But for endurance athletes training for a race, a common concern is how donating blood will affect their ability to train and race. When is is safe to exercise after giving blood and what should you expect as far as your performance?

How does donating blood affect athletic performance?

Endurance athletes have long known that receiving blood transfusions may enhance exercise performance by increasing hemoglobin concentration and allowing for improved oxygen delivery to the cells. So the logic stands that many athletes wonder if donating blood can have the opposite effect: Can lowering hemoglobin concentration by donating blood negatively impact exercise performance? Fortunately, there is a reasonable body of evidence on the subject that can help athletes make an educated decision on this important question.
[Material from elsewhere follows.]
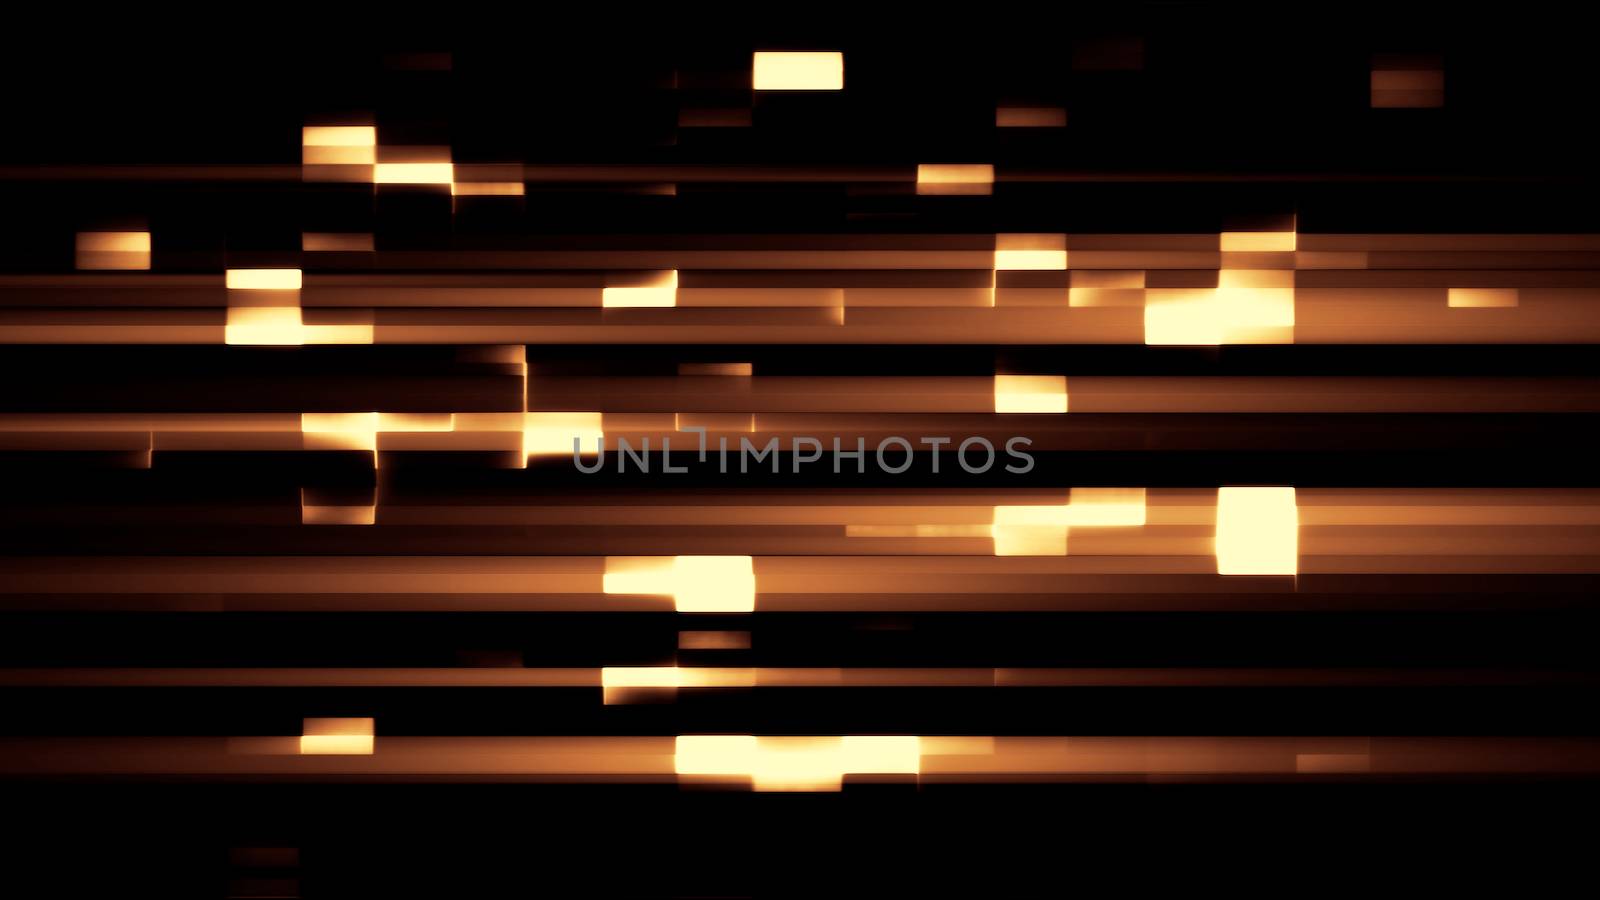 Future Tech 0293 - Futuristic technology abstract screen with digital noise and light effects.

After a typical blood donation, hemoglobin levels do indeed predictably decrease by an average of 7 percent and remain depressed for at least 14 days after donation. By then, they have recovered by about half, to a 4 percent decrease from pre-donation levels, according to a 2017 study in Transfusion. Hematocrit, or the measure of what percentage of blood volume is made up of red blood cells, also decreases for the first few days after a donation. Hematocrit also decreases by 5 percent 48 hours after donation, recovers within two weeks after the donation. This is because the new cells that have been synthesized in that two-week period contain less hemoglobin than more mature cells. As a result, the hematocrit recovers more quickly than the hemoglobin concentration.

Because hemoglobin is needed for carrying oxygen to tissues in the body, the decrease in hemoglobin seen with blood donation is associated with a decrease in oxygen-carrying capacity and delivery, accounting for a measurable 7 percent decrease in VO2 max in the 24-48 hours after donation. Interestingly, this decrease completely disappears by day three, suggesting that blood volume has re-expanded by that point and increases in heart rate likely compensate for the decreased hemoglobin to restore oxygen delivery to normal. Because VO2 max is a measure of oxygen utilization by peripheral tissues, if oxygen delivery is restored to near-normal levels by the third day after a donation, then it makes sense that VO2 max would recover, as cellular metabolism is unaffected by hemoglobin levels alone.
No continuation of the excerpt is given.